- DEFENSE & SECURITY
US Marine Littoral Regiment Formed in Okinawa to Work Alongside Japan SDF with China in Mind
7:00 JST, November 17, 2023
NAHA — The U.S. Marine Corps redesignated its 12th Marine Regiment stationed in Okinawa Prefecture as the 12th Marine Littoral Regiment on Wednesday.
The MLR is equipped to deal swiftly with contingencies around Japan’s remote islands.
The reorganization aims to usher in a shift from a strategy focusing on large-scale ground battles to one dealing with island warfare.
Japan’s Self-Defense Forces plan to strengthen its defense capabilities around the Nansei Islands that span southern Kagoshima and Okinawa Prefecture by working closely with the new U.S. regiment.
These moves are being made with China in mind as Beijing continues to engage in hegemonic activities in the region.
The MLR is the second such unit established by the U.S. military. The first has been in Hawaii since March 2022.
This second MLR unit was officially designated at Camp Hansen on Wednesday with the attendance of about 200 people, including senior SDF officials. The U.S. Marine Corps camp straddles several municipalities in Okinawa Prefecture, including the town of Kin.
Speaking to reporters after the ceremony, Col. Peter Eltringham, commanding officer of the 12th MLR, said the newly established unit would cooperate with the SDF and conduct various missions.

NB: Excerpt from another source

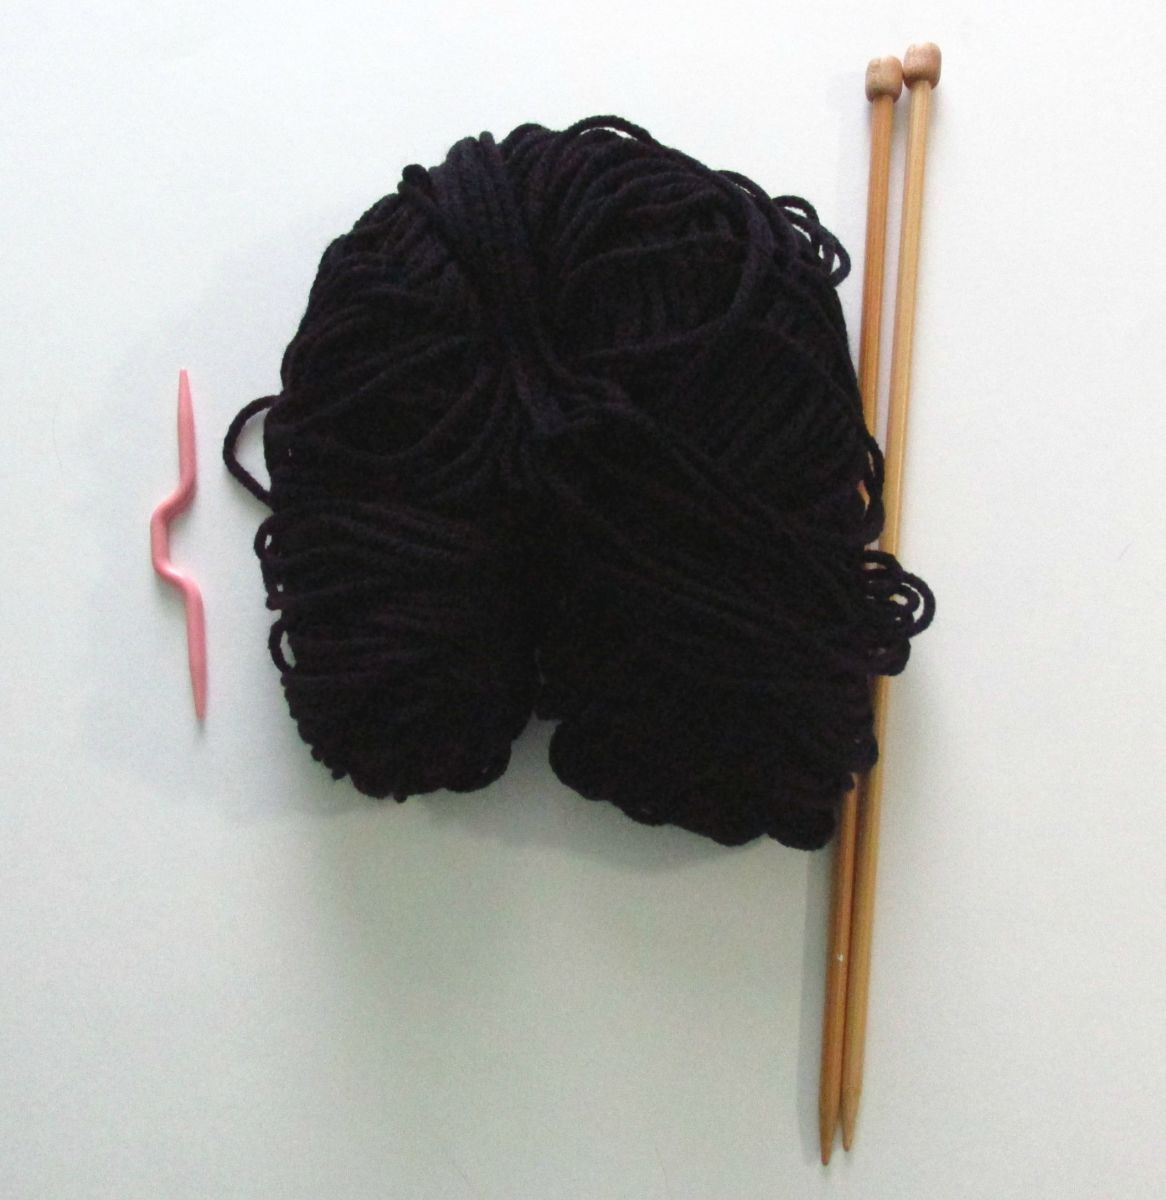 Knitting Needle, Worsted Weight Yarn &  Cable Needle

The MLR has about 2,000 personnel, the same as the original regiment. The new unit will have fewer conventional heavy armaments such as surface-to-surface missiles and Howitzers. Instead, it will be equipped with the Navy/Marine Corps Expeditionary Ship Interdiction System (NMESIS), which is a new teleoperated surface-to-ship missile system, and an air defense system will be stationed in Okinawa. The unit is scheduled to have the mobile deployment capability necessary to fully operate as an MLR by 2025.
The entire area surrounding Taiwan and the Nansei Islands are within range of the Chinese military’s missiles. In the event of a contingency, deploying additional U.S. military units near the region could be difficult. Before such a situation occurs, the MLR can deploy teams to remote islands on the front line and establish bases from which to launch attacks on enemy aircraft and vessels. These personnel also would support U.S. Navy and Air Force operations.
Japan’s Ground Self-Defense Force will upgrade its 15th brigade stationed in Naha into a division and bolster its units. In addition, a surface-to-air missile unit is scheduled to be deployed at Camp Yonaguni in the town of the same name in the prefecture. These forces will cooperate with the MLR and conduct joint combat training exercises to prepare for contingencies on remote islands.
“This will lead to a significant enhancement of the Japan-U.S. alliance’s deterrent and capability to respond,” a senior Japanese Defense Ministry official said.